Tiempos locos estos que vivimos. Tiempos de muchas leyes de letra pequeña y pocas frases redondas. Frases redondas de las de verdad, no fuegos fatuos escritos en cursiva sobre la tierna cara de un gato. Vivimos con muchos finales y no menos medios, tantos que nos alejan de los principios y acabamos cumpliendo normas cuyo sentido no alcanzamos a comprender con la simple ayuda del menos común de los sentidos.
Un buen ejemplo de ello es la taquilla. Y no hablo de la taquilla del teatro, ni de la del futbol, ni tan siquiera de la de los torrentes de ocho apellidos vascos. Hablo de la taquilla que trae locos a los hosteleros de la mano de los celosos inspectores.
Los inspectores que cuidan de la salud con que nos sirven y atienden nuestros premiados y aclamados hosteleros son en muchos casos veterinarios. Y es que los clientes no dejamos de ser un poco animales. Los inspectores, como buenos inspectores, y en tanto que ejercen de tales, que no dudo de sus competencias personales, no piensan, simplemente inspeccionan. No cuestionan, simplemente certifican. Y no certifican saludes ni limpiezas, ni tan siquiera buenas prácticas aunque así lo parezca. Lo que certifican son única y exclusivamente cumplimientos. Y los cumplimientos afectan a reglamentos, y los reglamentos se basan en leyes y las leyes en principios.
Y que lejos quedan los principios cuando se enfrenta uno a una inspección, tranquilo en la lozanía de sus pintxos, confiado en los destellos de los azulejos de los baños y zas… se va el inspector y se queda uno en el mostrador con el impreso que certifica un incumplimiento. La taquilla. El bar carece de taquilla. No vale un armario cualquiera, no. El reglamento dice que tiene que ser mueble con puerta y cerrado con llave. No importa si lo pone usted fuera o dentro, ni si lo usa para guardar flores, tiestos o equipajes varios.
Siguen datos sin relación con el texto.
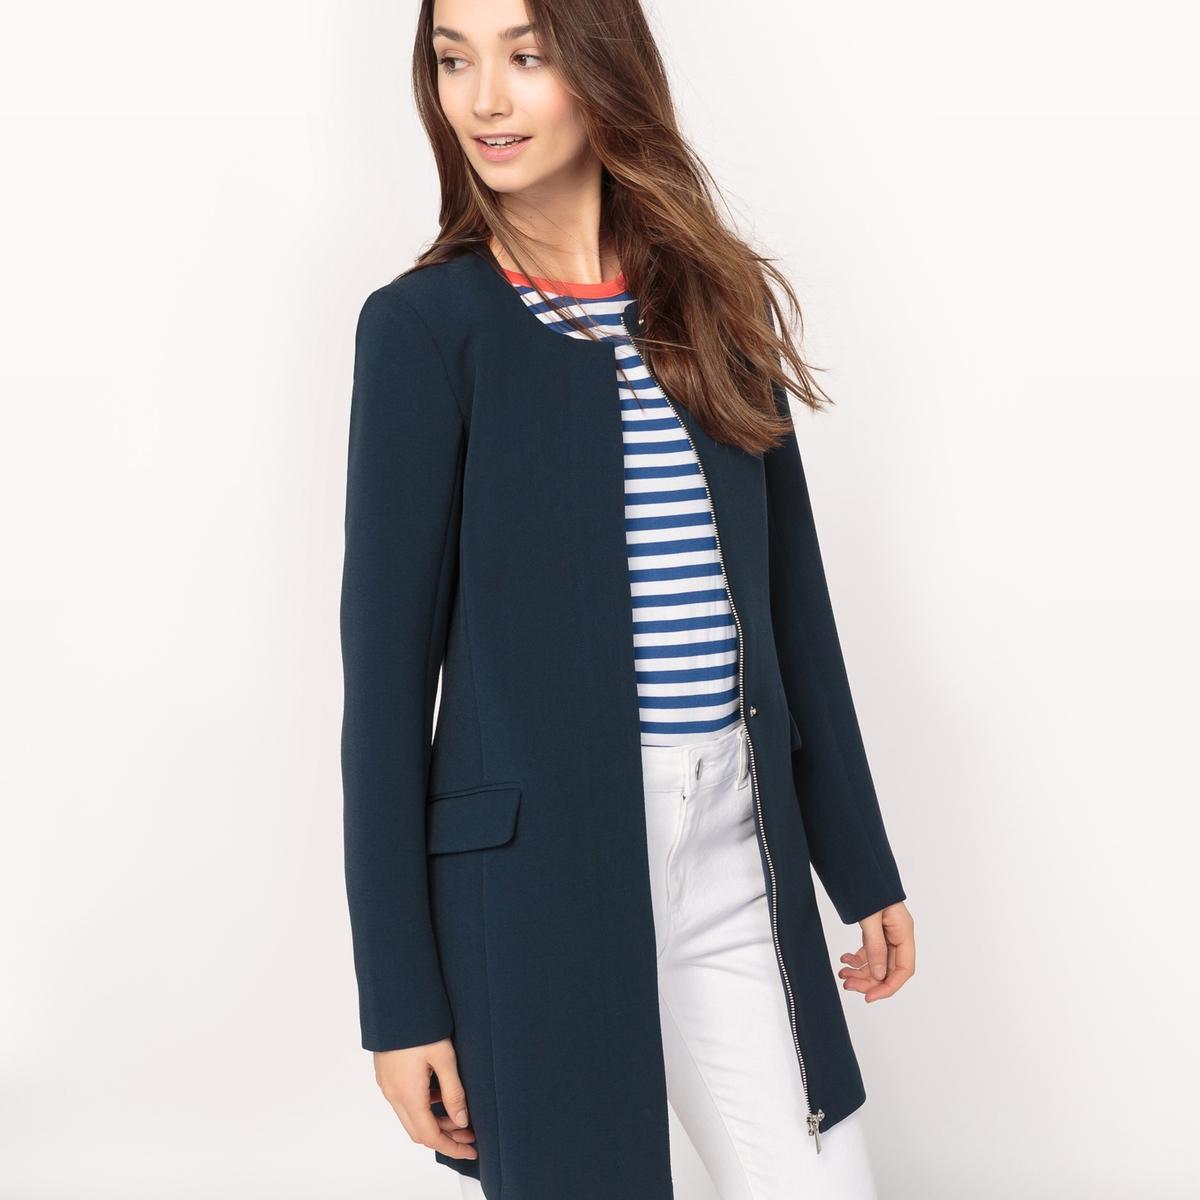 Пальто прямого покроя без воротника
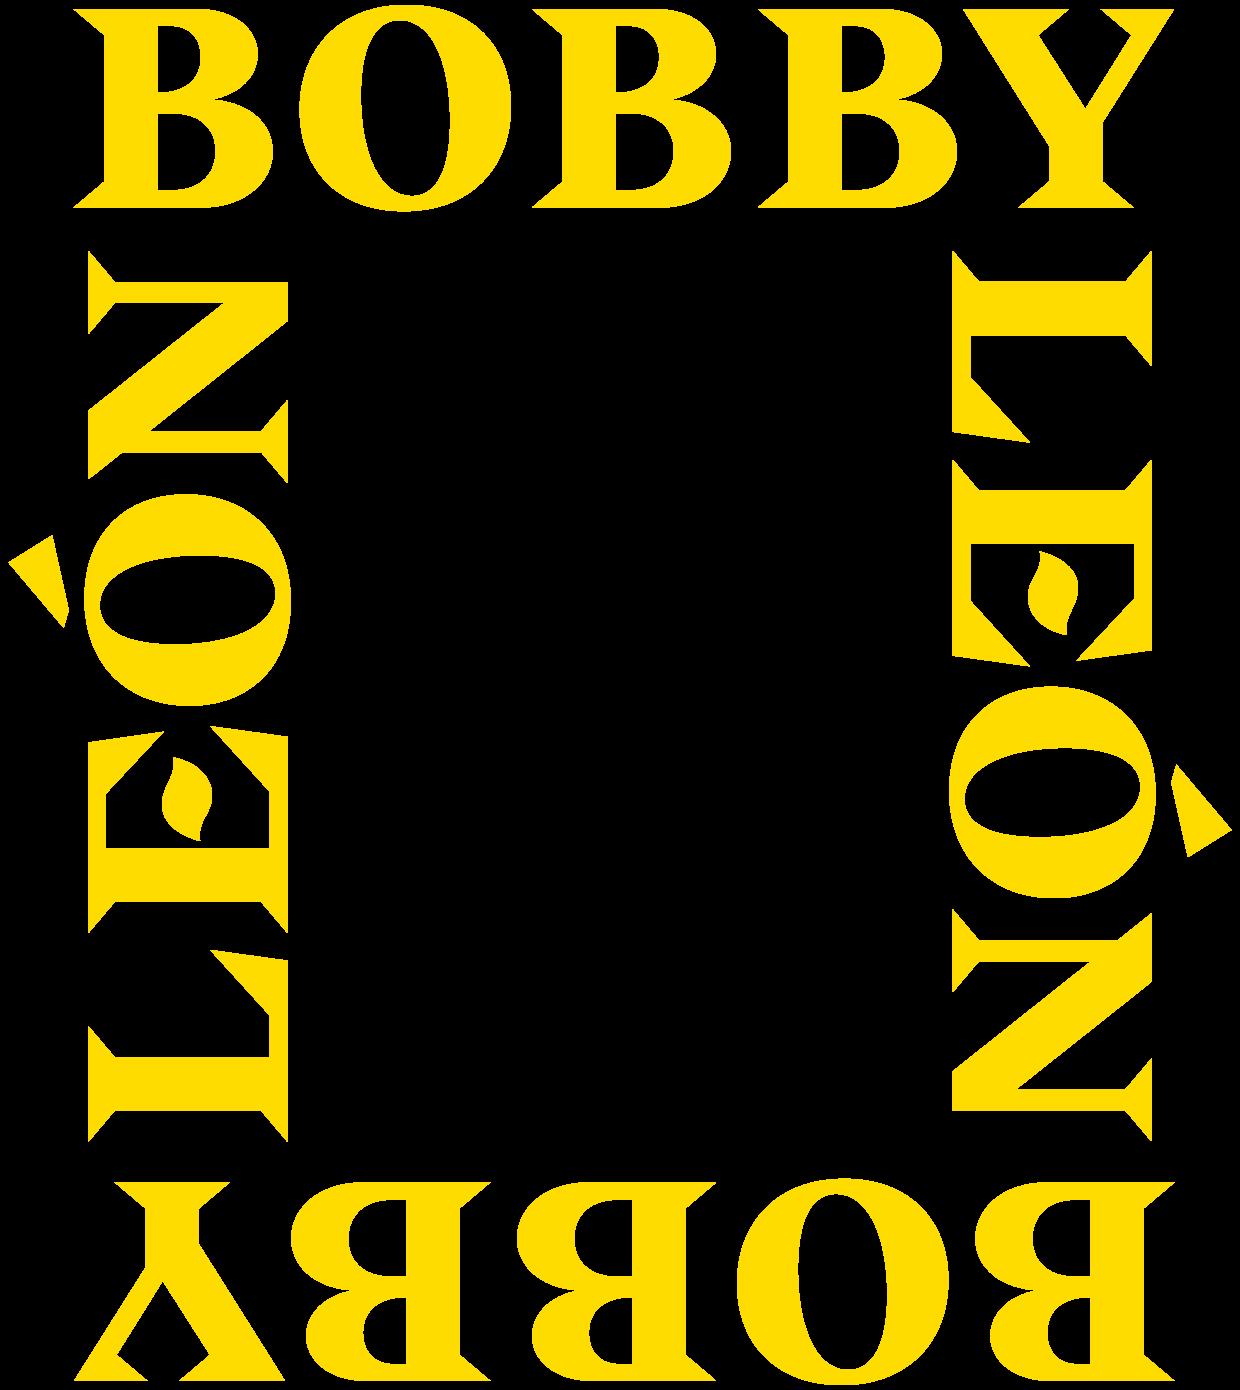 Bobby León

El bar no tiene taquilla. Y ala, a comprar un taquilla y ponerla con su llave y todo, para guardar la fregona aunque sea.
Y uno recuerda entonces al inefable Saza, y a sus desesperados intentos por conseguir de la mano del ministro del ramo y con la excusa de una cacería la exclusiva en la importación de porteros automáticos, y se imagina al cuñado arruinado con su fábrica de taquillas llorando en la boda de una prima a un subsecretario. Y eso sí, mientras tanto el hostelero, a pasar por taquilla sin que nadie mire sus pintxos ni los azulejos refulgentes de su baño.